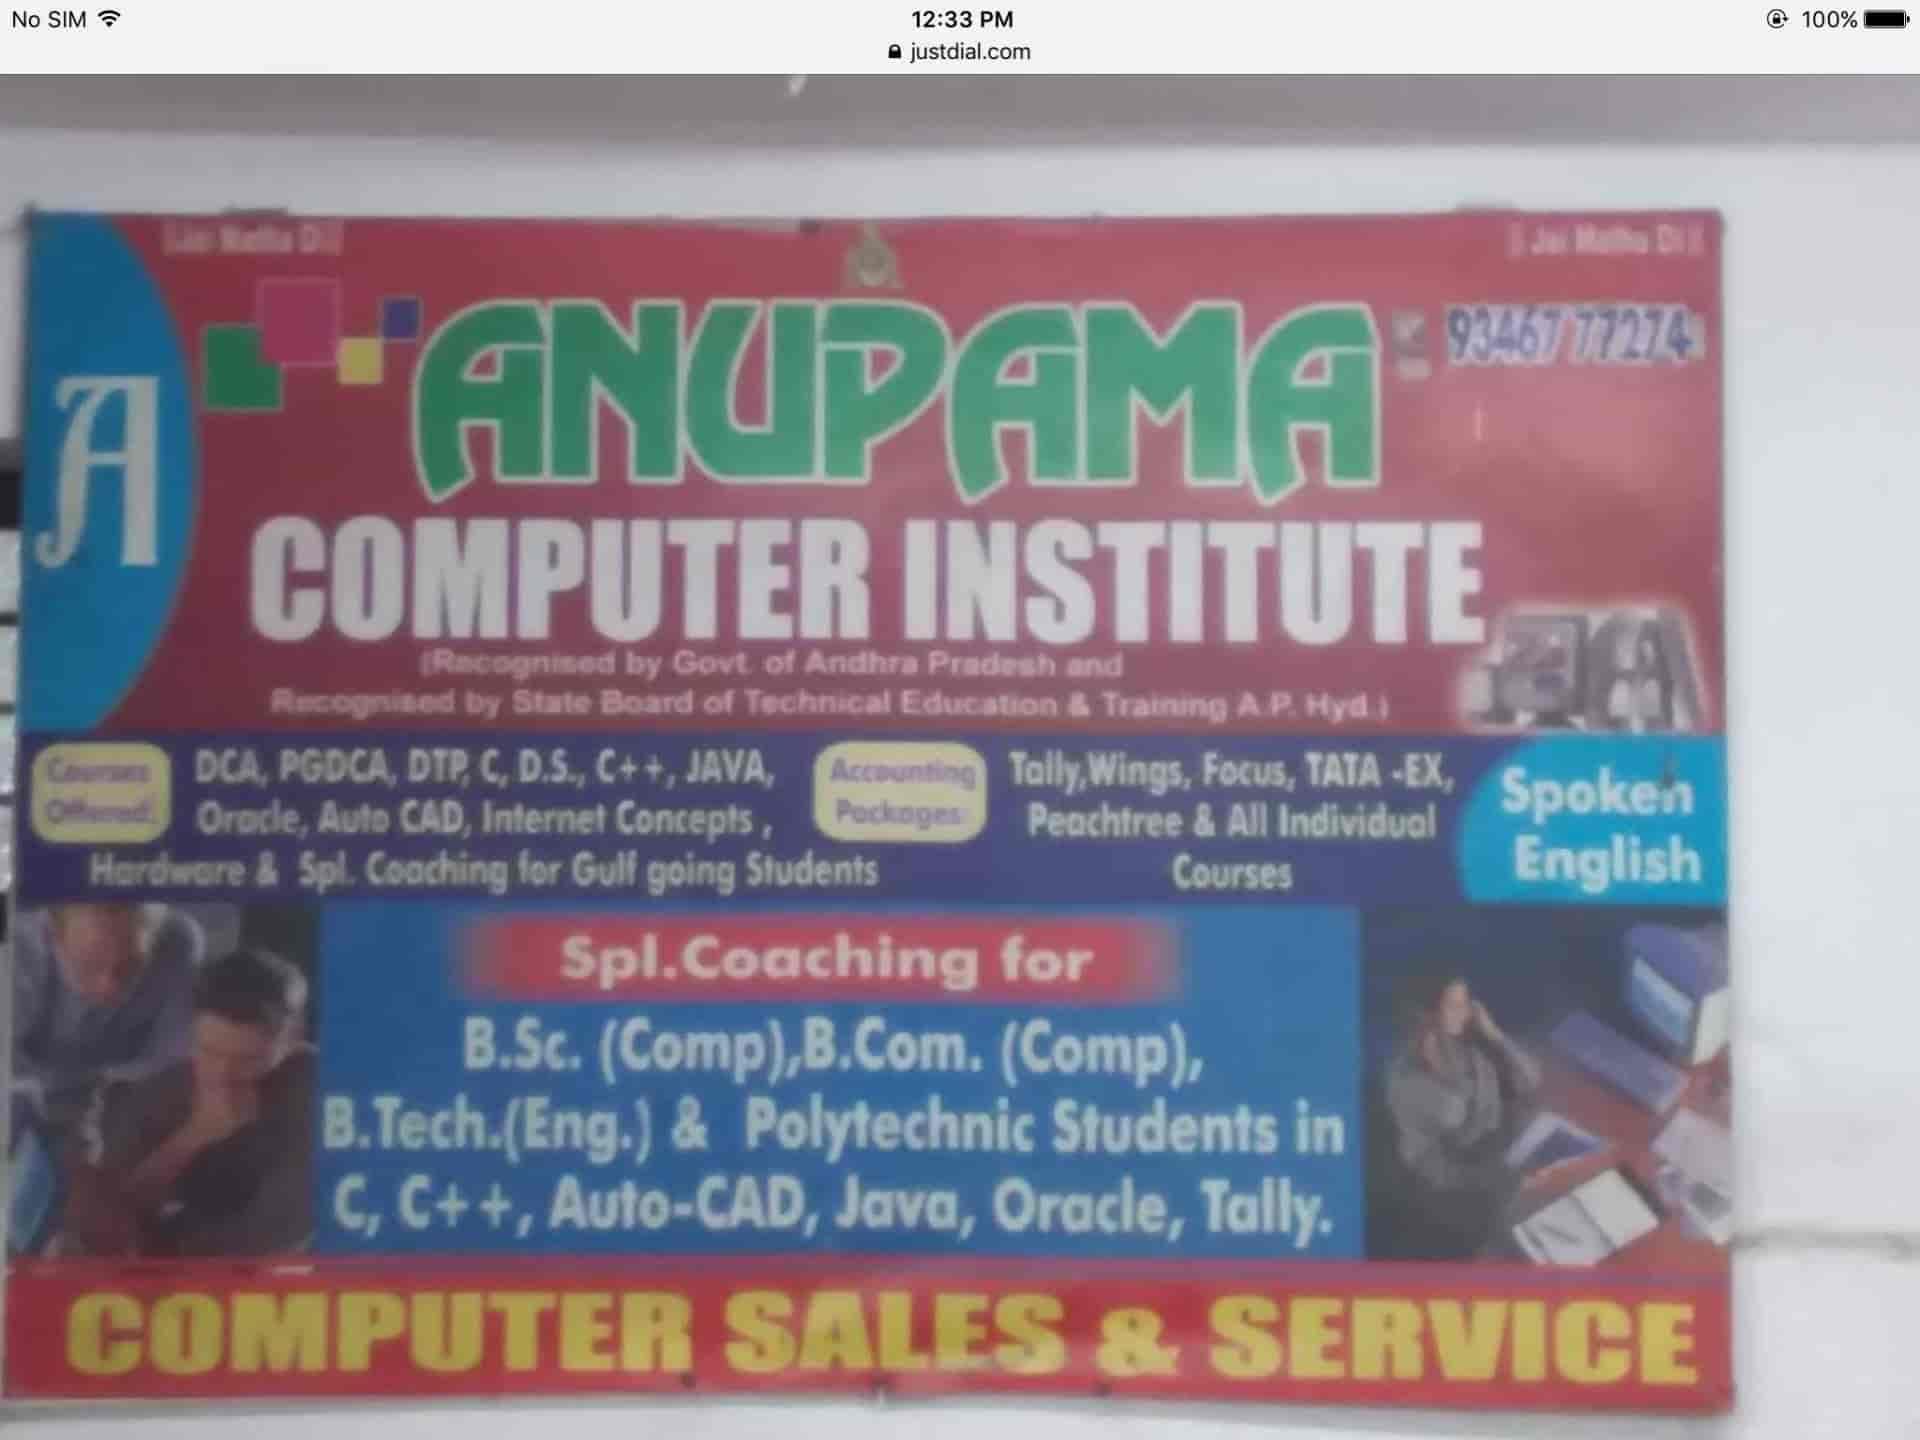 Anupama Type Writing Center Photos, Shivaji Nagar, Nizamabad
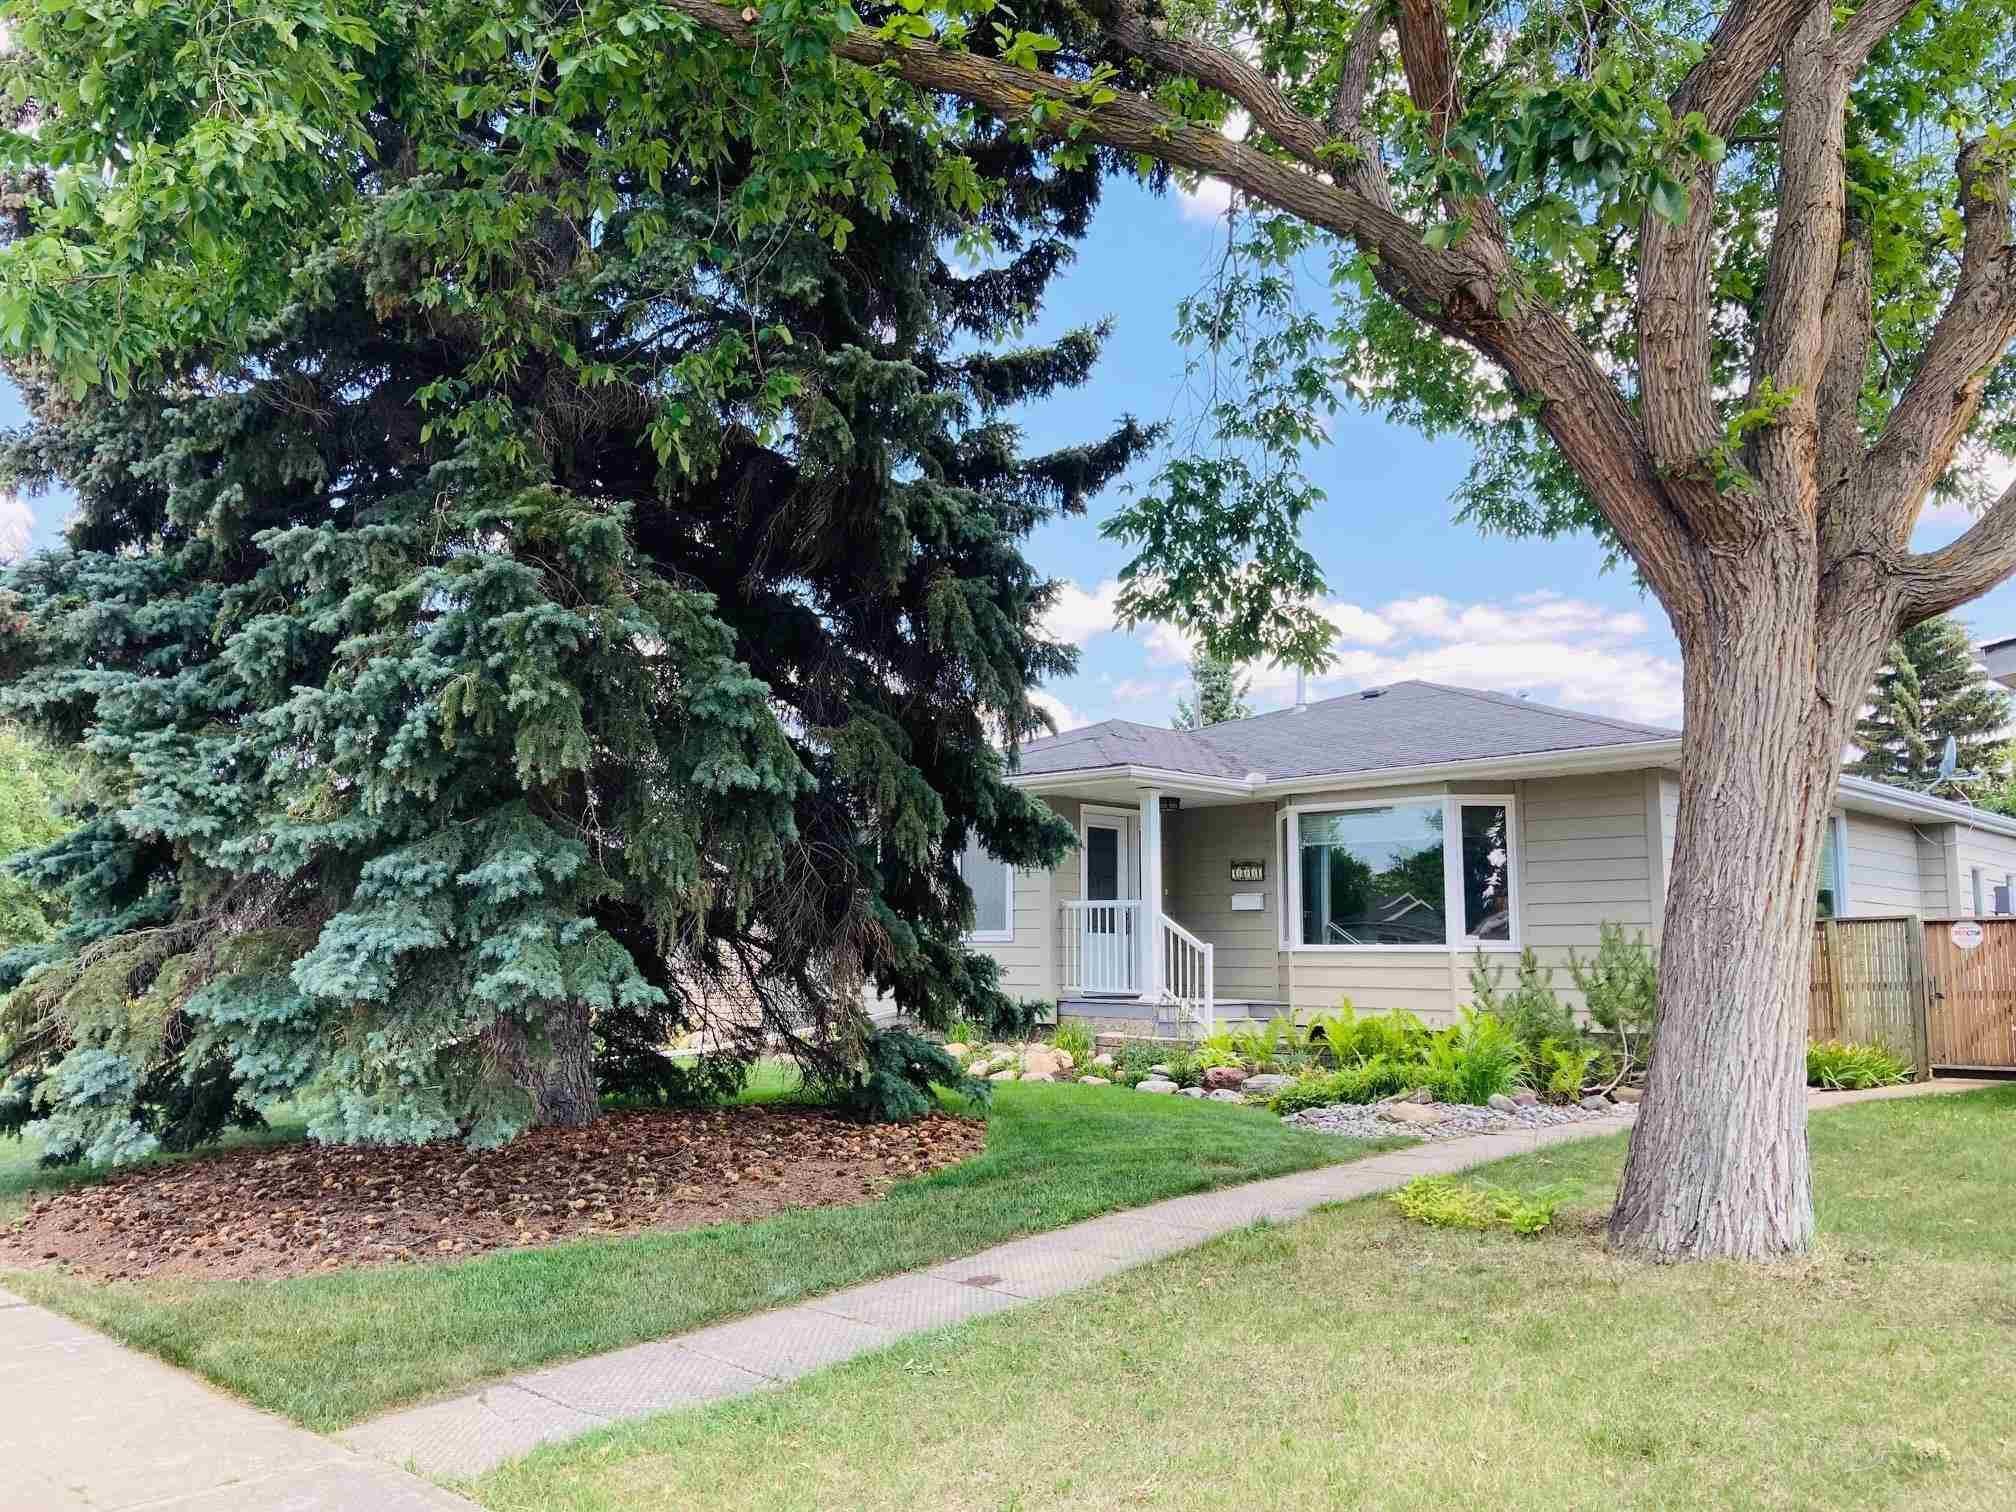 Main Photo: 4811 114B Street in Edmonton: Zone 15 House for sale : MLS®# E4255022
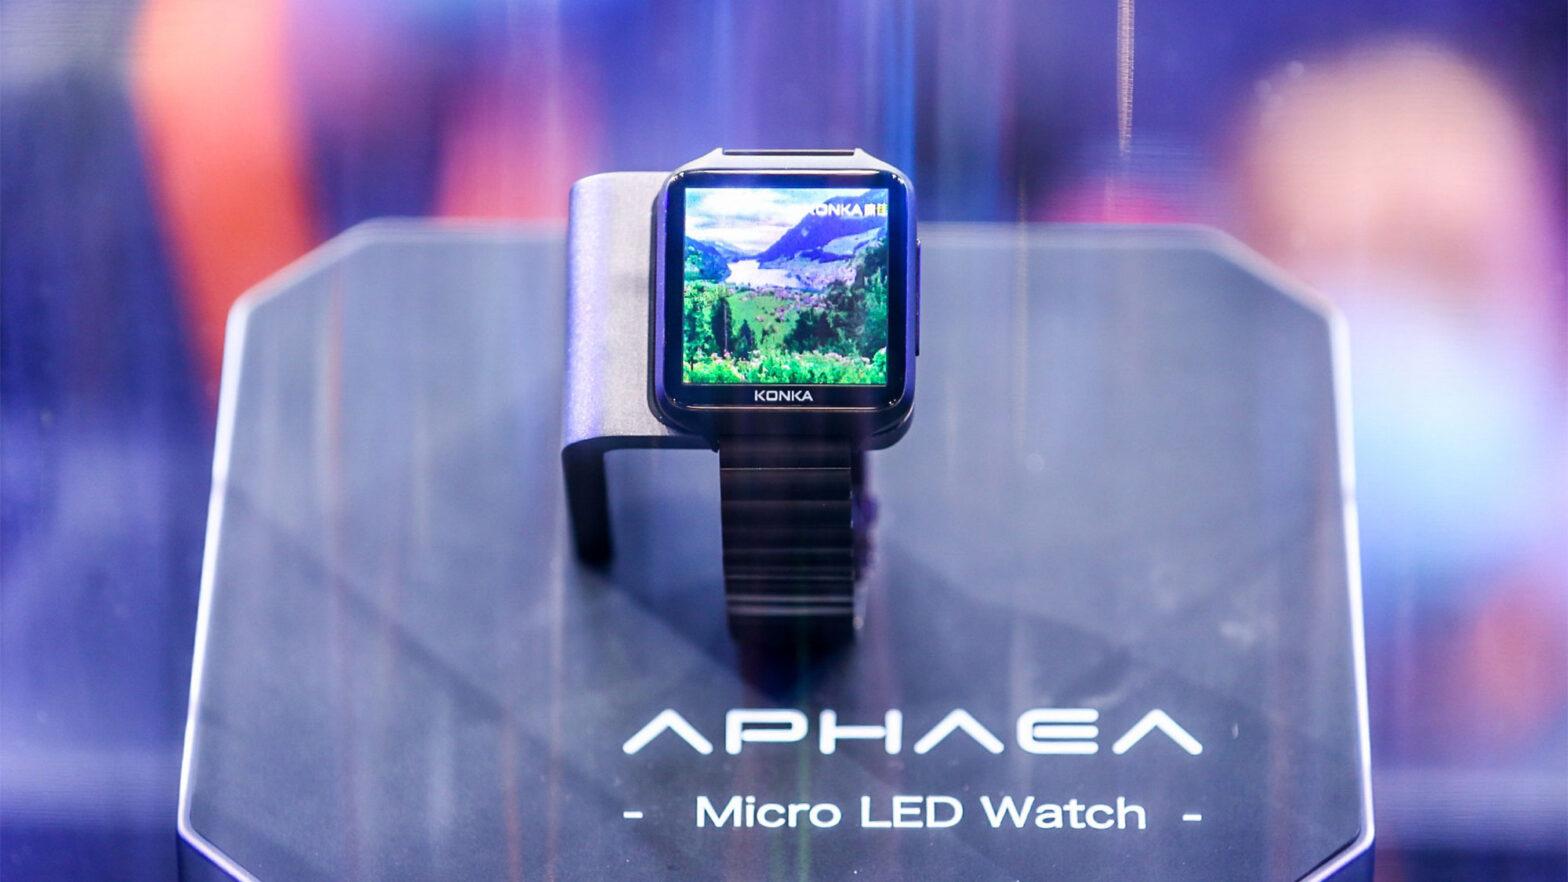 KONKA APHAEA Micro LED Watch

Work item:
Restate every line above word for word. Do not carry over the images.

Answer box:
 Anupama Type Writing Center Photos, Shivaji Nagar, Nizamabad
 Main Photo: 4811 114B Street in Edmonton: Zone 15 House for sale : MLS®# E4255022
 KONKA APHAEA Micro LED Watch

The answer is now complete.